Cryptocurrency has become a buzzword in today’s day and age, thrown around sometimes with little to no understanding of the term or the risks involved. The most famous cryptocurrency is without a doubt Bitcoin. While originally it was viewed as a secure financial option by its use of blockchains, it is by no means an un-hackable currency and has been a victim of numerous scams.
The Optioment Ploy might be one of the more famous cases of Bitcoin fraud. By combining a Ponzi scheme with a fake ICO (initial coin offering), investors in Bitcoin Savings and Trust were guaranteed too-good-to-be-true returns on investment. Ultimately, this resulted in the collapse of the fraudulent organisation, more than 265,000 bitcoins stolen, and imprisonment and a $40 million dollar fine on Trendon Shavers, the organiser of Bitcoin Savings and Trust.
Others may have heard of the Silk Road – a famed online black market used for drugs and other illegal activities. This in itself was not a scam.

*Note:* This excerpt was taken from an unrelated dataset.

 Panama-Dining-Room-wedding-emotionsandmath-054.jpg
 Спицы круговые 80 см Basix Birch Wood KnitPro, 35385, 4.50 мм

When the government seized it and offered to auction off the bitcoins, potential buyers were emailed to see if they were interested in purchase, which is a common fate for harmless seized goods. Unfortunately, due to an administrative error all email addresses were able to be viewed by all addressees, resulting in a tidal wave of phishing schemes with a ready-made potential victim hit list, composed of people that scammers knew were interested in bitcoin purchase. Countless people had sensitive financial information tricked out of them by scammers.
Well-known in hacking circles is the fact that no matter how strong your online security might be, human error is always a way in. This was certainly the case with the simplest and possibly most effective scam: a hacker sent a message to the Rogers Data Centre, where Canadian Bitcoins (a company which managed Bitcoins for Canadian investors) were located. Rogers Data Centre received the message, which claimed to be from James Grant, the CEO of Canadian Bitcoins, needing all security codes. After confirming only that the CEO was indeed named James Grant, the Rogers Data Centre promptly sent out all the codes, resulting in a loss of more than $100,000.